Behalve aanleg trambaan ook aanschaf trammaterieel
De aanleg van de trambaan is vanzelfsprekend een grote stap in de realisering van een tramverbinding. De aanschaf van nieuwe en moderne trams is een andere stap die in de praktijk veel tijd blijkt te kosten. Daartoe moeten de specificaties van de trams nauwkeurig worden bepaald, waarna volgens Europese aanbestedingsregels de fabrikant wordt geselecteerd. Vervolgens kan deze beginnen met bouwen. Intussen wordt de trambaan aangelegd en vinden de andere noodzakelijke werkzaamheden plaats, waaronder de uitbreiding en vernieuwing van de remise in Nieuwegein. Als de trambaan en de eerste tramstellen zijn opgeleverd, begint het uitgebreide testproces. Volgens planning vindt dat in 2017 plaats. De werkelijke exploitatie – rijden met reizigers – kan dan begin 2018 van start gaan.
Schriftelijke vragen over mogelijke vertraging Uithoftram
Twee dagen nadat we in de commissie stad en ruimte hadden gesproken over de tram naar de Uithof en van het college hadden gehoord dat het streven nog steeds is volgende een definitief trambesluit te nemen, werd ik verrast door een krantenbericht in AD-UN. Daaruit bleek dat portefeuillehouder Gerritsen van het Bestuur Regio Utrecht (BRU), dat samen met de gemeente de tram moet realiseren, ervan uit gaat dat de tram op zijn vroegst pas in 2018 zal rijden, en niet in 2015 zoals in het Utrechtse collegeprogramma staat. Op basis van dit bericht heb ik de onderstaande schriftelijke vragen gesteld aan het college.
De Partij van de Arbeid is een groot voorstander van snelle aanleg van de tramverbinding tussen het centraal station en De Uithof (HOV om de Zuid). Wie een dagje probeert mee te rijden op de huidige overvolle buslijn 12, zal het gauw met ons eens dat als een tram ergens snel nodig is, het op dit traject is. Volgens het collegeprogramma moet de Uithoflijn in 2015 gereed zijn. Tot onze verbazing lazen we in het AD-UN van zaterdag 21 mei 2011 (“Nog jaren wachten op tram Uithof”) dat het Bestuur Regio Utrecht (BRU), medeverantwoordelijk voor de realisatie van de Uithoftram, inmiddels uitgaat van oplevering ‘op zijn vroegst’ in 2018. BRU-portefeuillehouder Gerritsen zegt in het krantenartikel dat de planning van 2015 te optimistisch is en technisch niet haalbaar.
De PvdA-fractie heeft hierover de volgende vragen aan het college:
- Kent u de in het krantenbericht genoemde interne notitie van het BRU, waarin staat dat de tram op zijn vroegst in 2018 kan rijden? Is deze wijziging van de planning afgestemd met de gemeente Utrecht?

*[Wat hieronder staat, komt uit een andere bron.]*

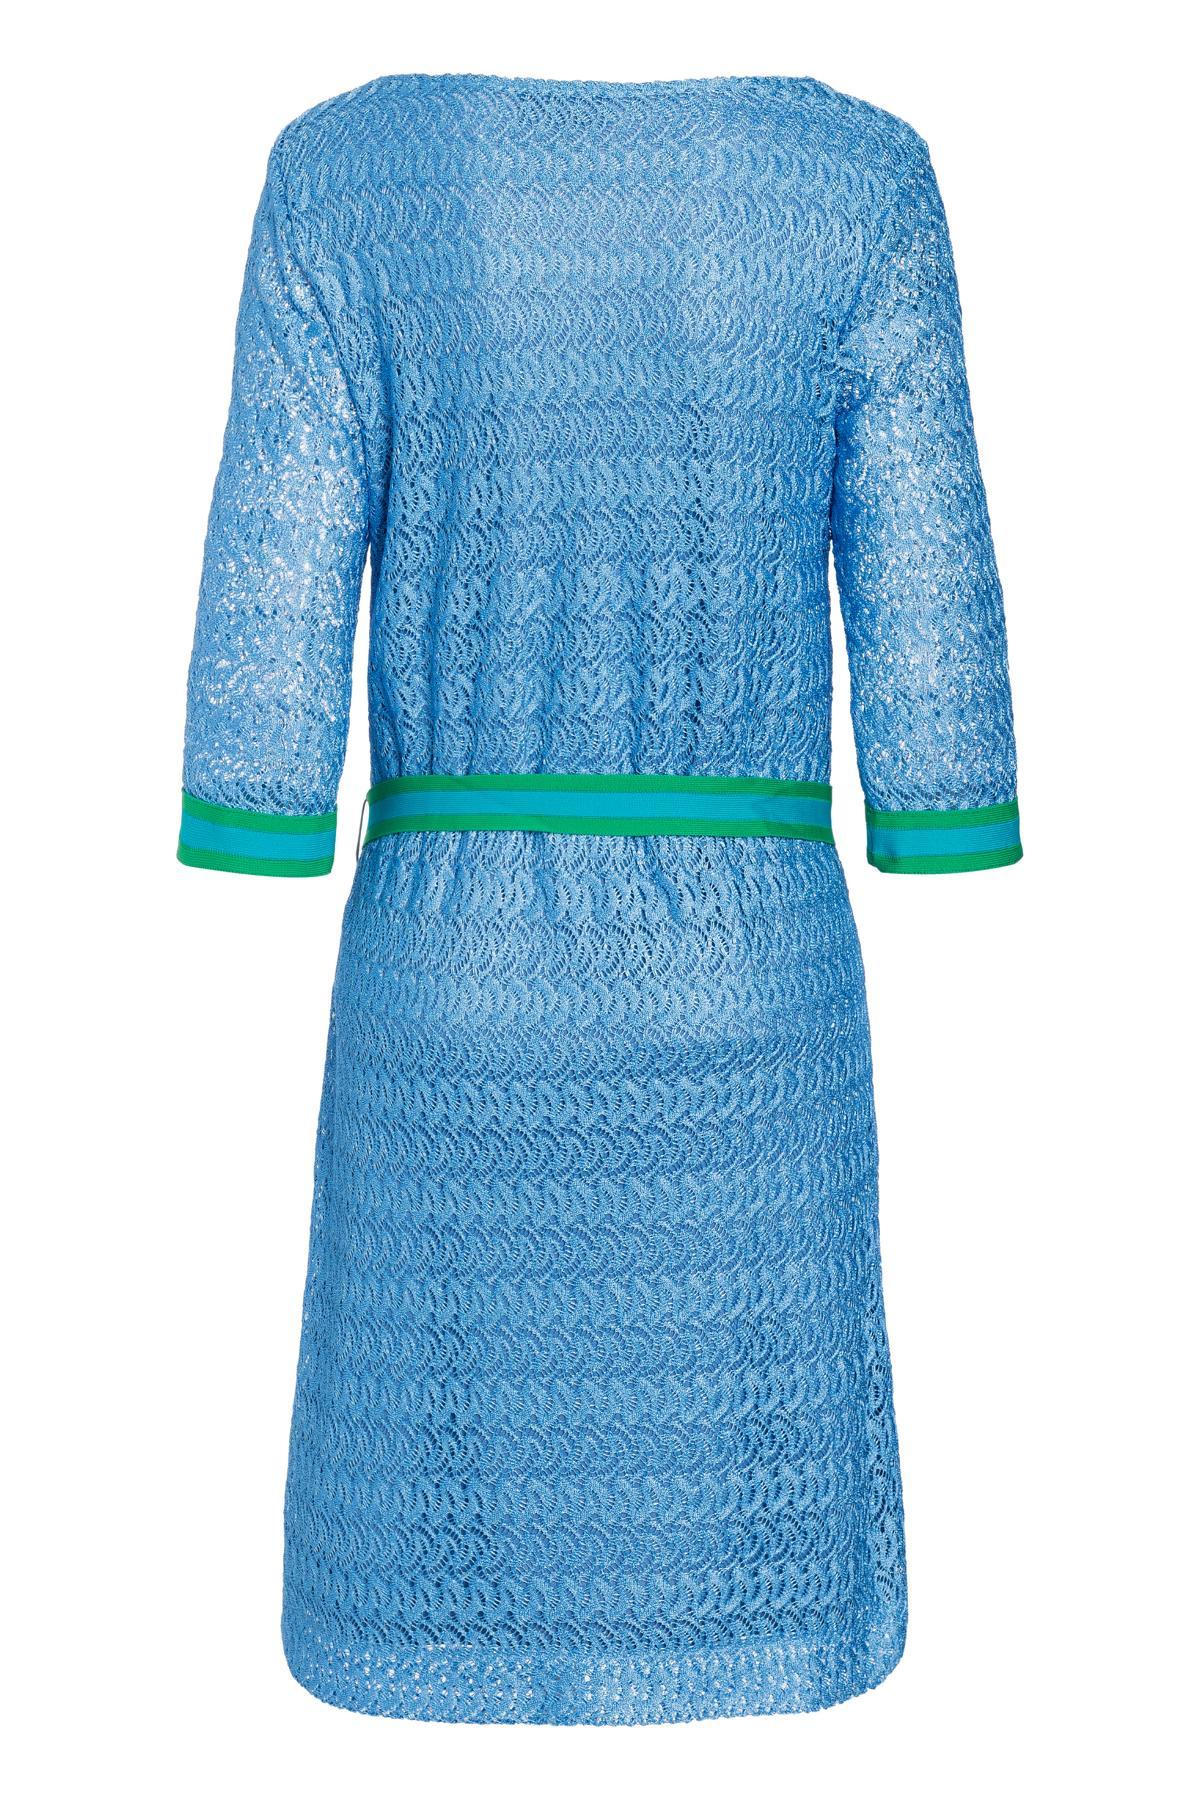 Detailansicht 2 von Ana Alcazar Gürtel Kleid Sisofe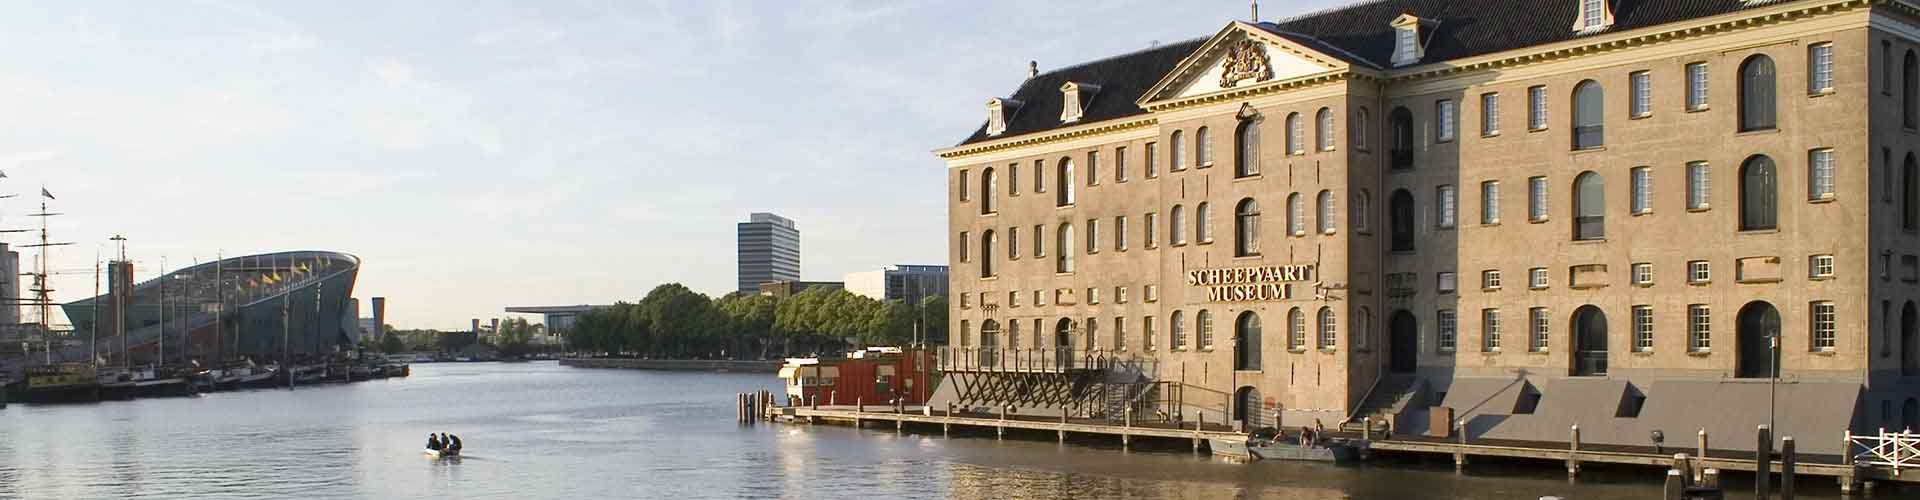 Amsterdam - Auberges de jeunesse près de Scheepvaartmuseum. Cartes pour Amsterdam, photos et commentaires pour chaque auberge de jeunesse à Amsterdam.

- Is, uitgaande van een definitief trambesluit in juni 2011, het in het collegeprogramma opgenomen opleveringsjaar 2015 volgens u nog wel haalbaar? Zo nee, waarom niet? En welk jaar is in dat geval wel haalbaar?
- Welke afspraken hebben het BRU en gemeente Utrecht gemaakt over het in te zetten trammateriaal? Mag uit de geciteerde uitspraken van wethouder Lintmeijer dat hij ‘dringend aan het BRU gaat vragen waarom de aanschaf van het materiaal zo lang moet duren’ dat BRU en gemeente hierin tot nu toe niet samen in optrekken? Wat was het antwoord van de dringende vraag’ die u aan het BRU gesteld heeft?
- Bent u het met de PvdA-fractie eens dat, mede gelet op het feit dat het Rijk zijn onder voorbehoud toegezegde bijdrage van € 110 mln. nog definitief moet bevestigen, het erg onwenselijk en ongelukkig is dat de gemeente en het BRU het onderling (openlijk) oneens zijn over de planning? Bent u bereid met de portefeuillehouder van het BRU af te spreken hierin voortaan wel samen op te trekken?
- Kunt u toezeggen dat u bij het raadsvoorstel voor het definitieve trambesluit, dat u voor juni hebt aangekondigd, ook een door de gemeente en het BRU gezamenlijk opgestelde planning levert, voorzien van bijbehorende risico’s en onzekerheidsmarges?